From: Giacomo Fiorin (giacomo.fiorin_at_gmail.com)
Date: Thu Feb 02 2012 - 17:02:08 CST
Hi Ajasja, here are the comments.
The gradients of the dihedral with respect of the atoms of group1 are
always projected correctly from the rotated frame to the laboratory, while
the gradients of the dihedral with respect to the backbone atoms (which
enter the dihedral's formula through the rotation matrix) are neglected.
This is a very good approximation for as long as the internal structure of
the group you're using to do the fitting (i.e. backbone atoms) doesn't
change.
Of course, this is not true for rmsd and eigenvector, where you're supposed
to change the same structure you're fitting, which is why the exception.
What the second warning says is that if you're applying a torque on the
group in the rotated frame, you won't see the effects of that torque in the
rotated frame, because you always fit the group to the reference
coordinates. But the forces from the torque are still applied, in the
laboratory frame. If the torque comes from a restraint of some sort, and
that restraint is defined in the rotated frame, you may end up having a
constant force.
In your case you're 100% fine on this because you're only applying a force
to the center of geometry of group1, so no torque.
Giacomo
On Thu, Feb 2, 2012 at 10:06 AM, Ajasja LjubetiÄ
<ajasja.ljubetic_at_gmail.com>wrote:
> Hum, this is a very peculiar situation... I wish you had defined the
>> variable in terms of atoms that move together with the peptide (such as
>> certain side chains) instead of dummy atoms if you were planning on
>> allowing the protein to move later.
>
>
> I was thinking about this too, but I didn't want to be limited only to
> alpha-helices, for example I would like to preform the same calculation on
> a beta-sheet structure. So I was not sure which side chains atoms would
> always be in the correct location.
> Is there any other (theoretical or practical) consideration why defining
> the colvar in this way is a bad idea? The one oneSiteSystemForce options
> seems to work nicely, and the simulation seems stable.
>
>
>>
>
> In any case, I don't believe you need to rotate the dummy atoms. The
>> dummy atoms won't drift or rotate with the protein. Instead, it's the
>> protein atoms that you should fit using the initial structure to go back to
>> the frame where the protein didn't move. So you only apply the fitting
>> options to group1.
>>
> Yes, you are absolutely right!
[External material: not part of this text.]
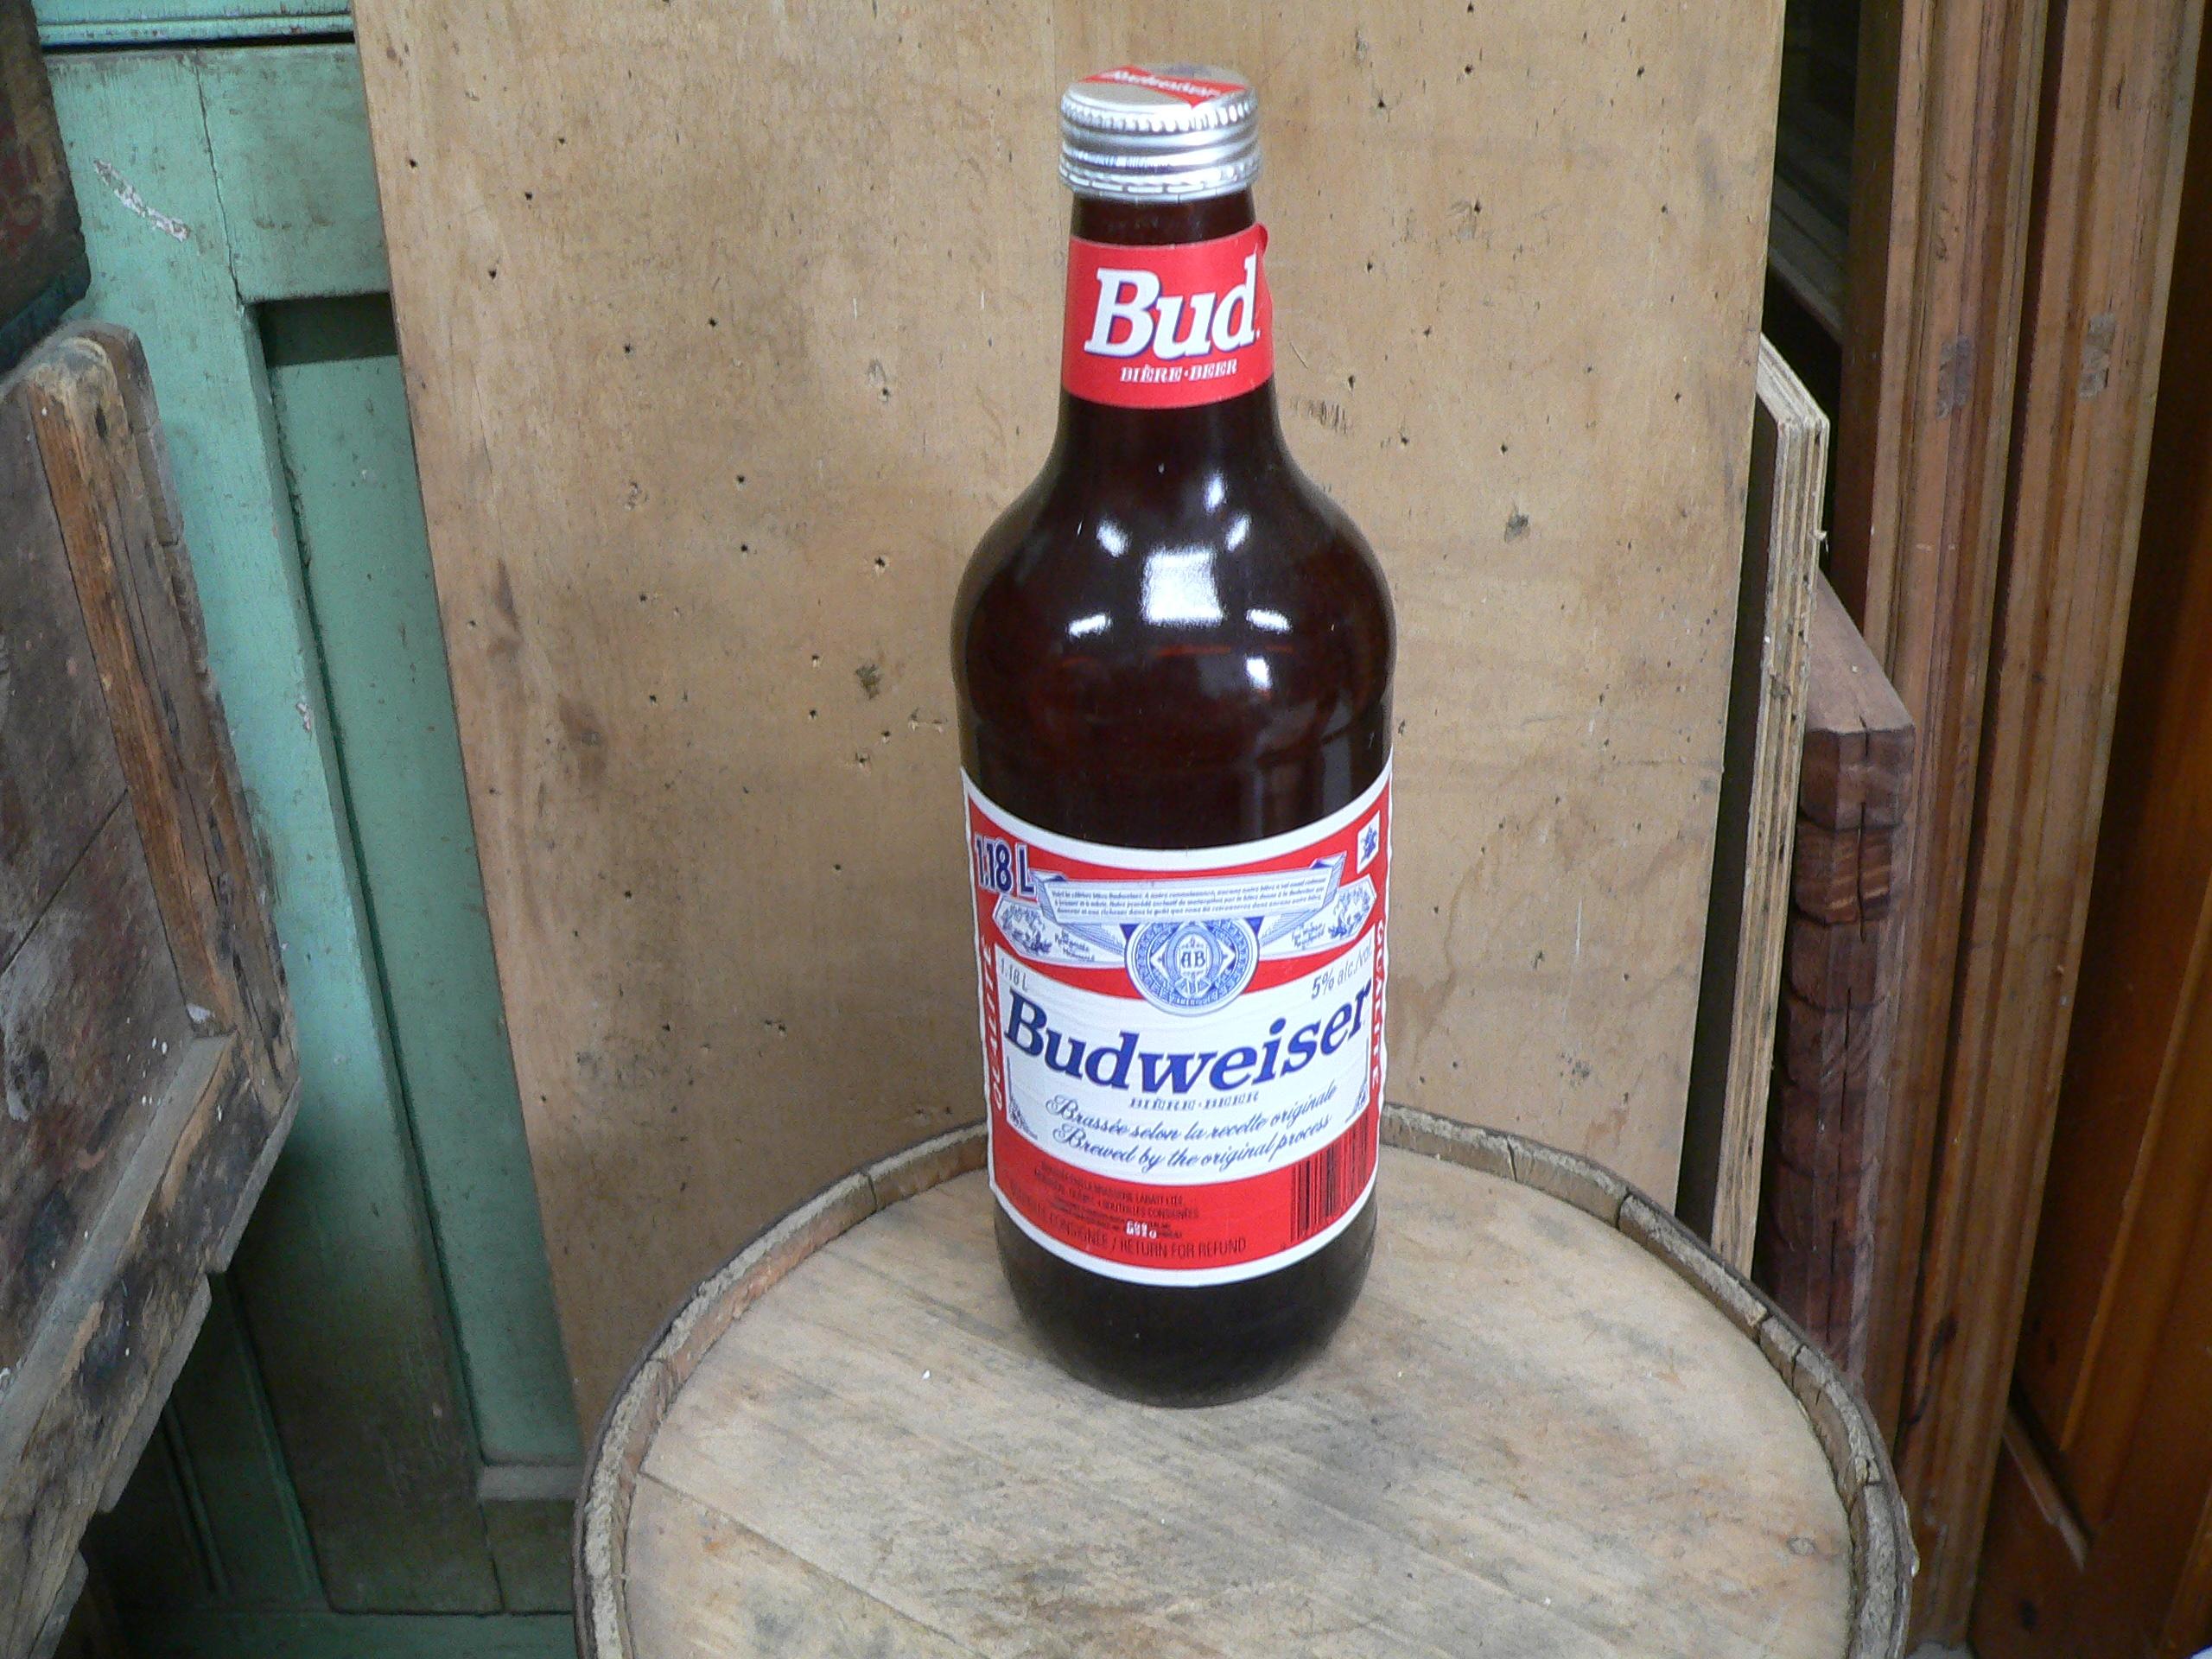 Grosse bouteille budweiser # 5602.1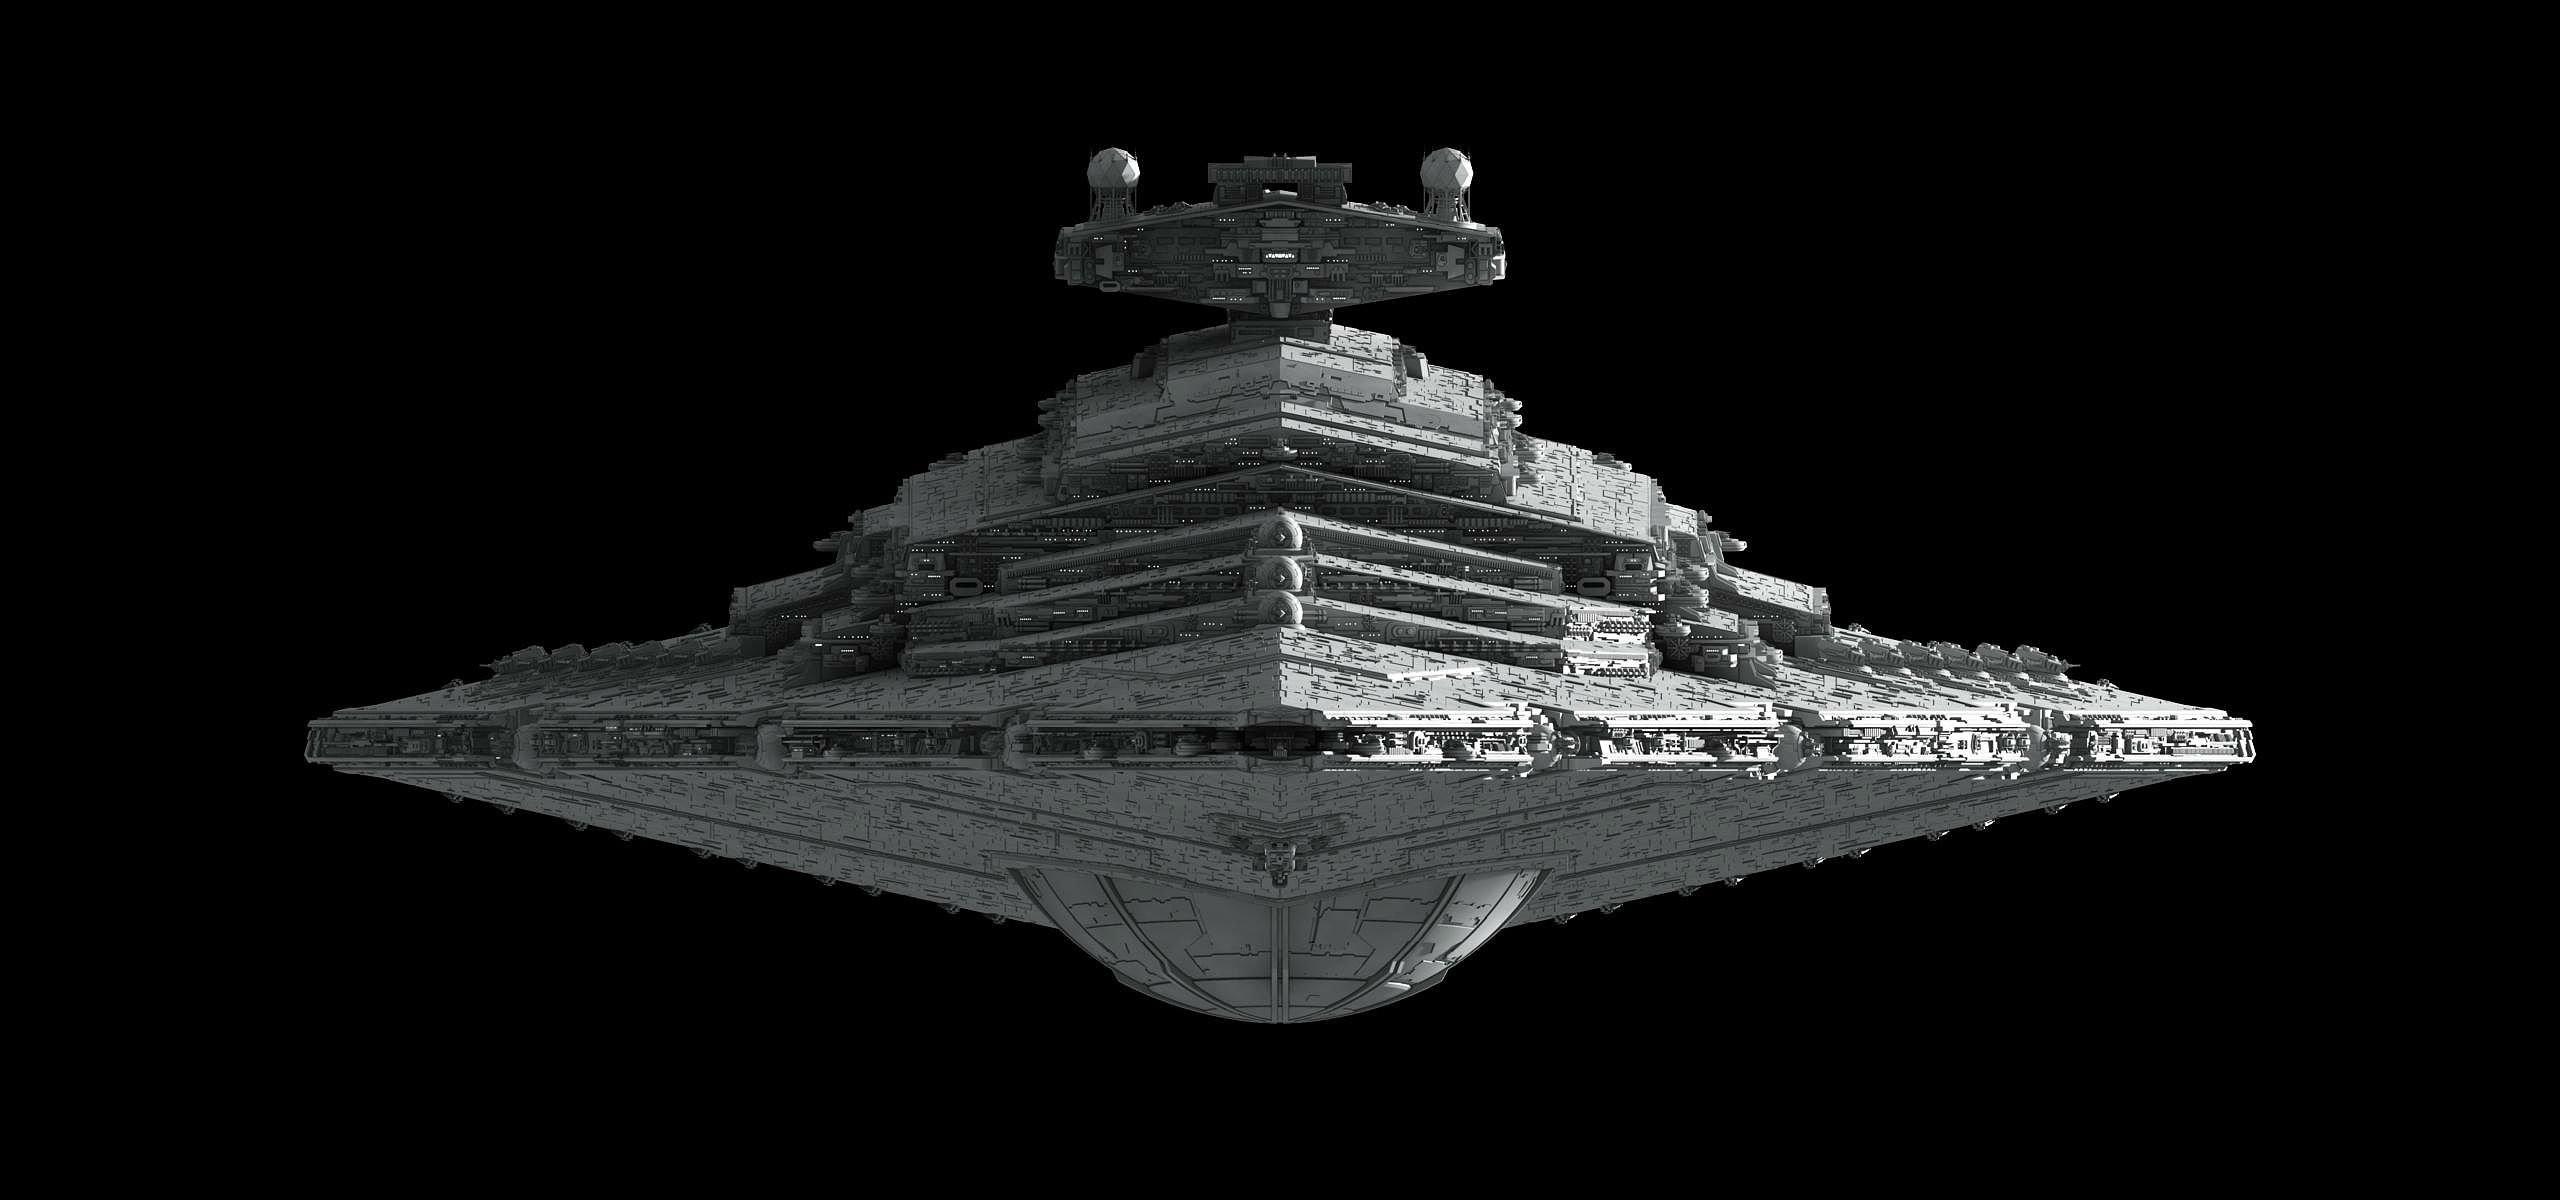 Star Destroyer star wars spaceship sci-fi space wallpaper      633033   WallpaperUP

I completely forgot that I can (actually
> have to) transform only one group of the colvar component.
>
>
>
>> Regarding why the PDB file doesn't work, you need to match the number of
>> coordinates of the atoms that you use for fitting (refPositionsGroup), not
>> the number of atoms of group1. The problem in providing a file with the
>> whole system is that the PDB reader will by default read the coordinates of
>> group1, not those of refPositionsGroup.
>
> Aha, I thought that it would take the indices of the refPositionsGroup and
> only load those from the PDB.
>
>
>> If you write a PDB file that just contains the five positions of the
>> refPositionsGroup atoms, it should work.
>
> Thank you, this works! For completeness I'm pasting the working version
> below. (It was quicker for me to just paste the positions into
> refPositions).
> dihedral {
> oneSiteSystemForce
> group1 { atomnumbers 173 174 175 176 177 181 185 189 193 194
> rotateReference on
> centerReference on
> refPositionsGroup {atomnumbers 200 202 204 208 209}
> refpositions
> (0.9959999918937683,-1.2680000066757202,-0.7979999780654907)
> (2.0460000038146973,-0.8029999732971191,0.07900000363588333)
> (3.1630001068115234,-0.061000000685453415,-0.6990000009536743)
> (1.49399995803833,0.12099999934434891,1.1390000581741333)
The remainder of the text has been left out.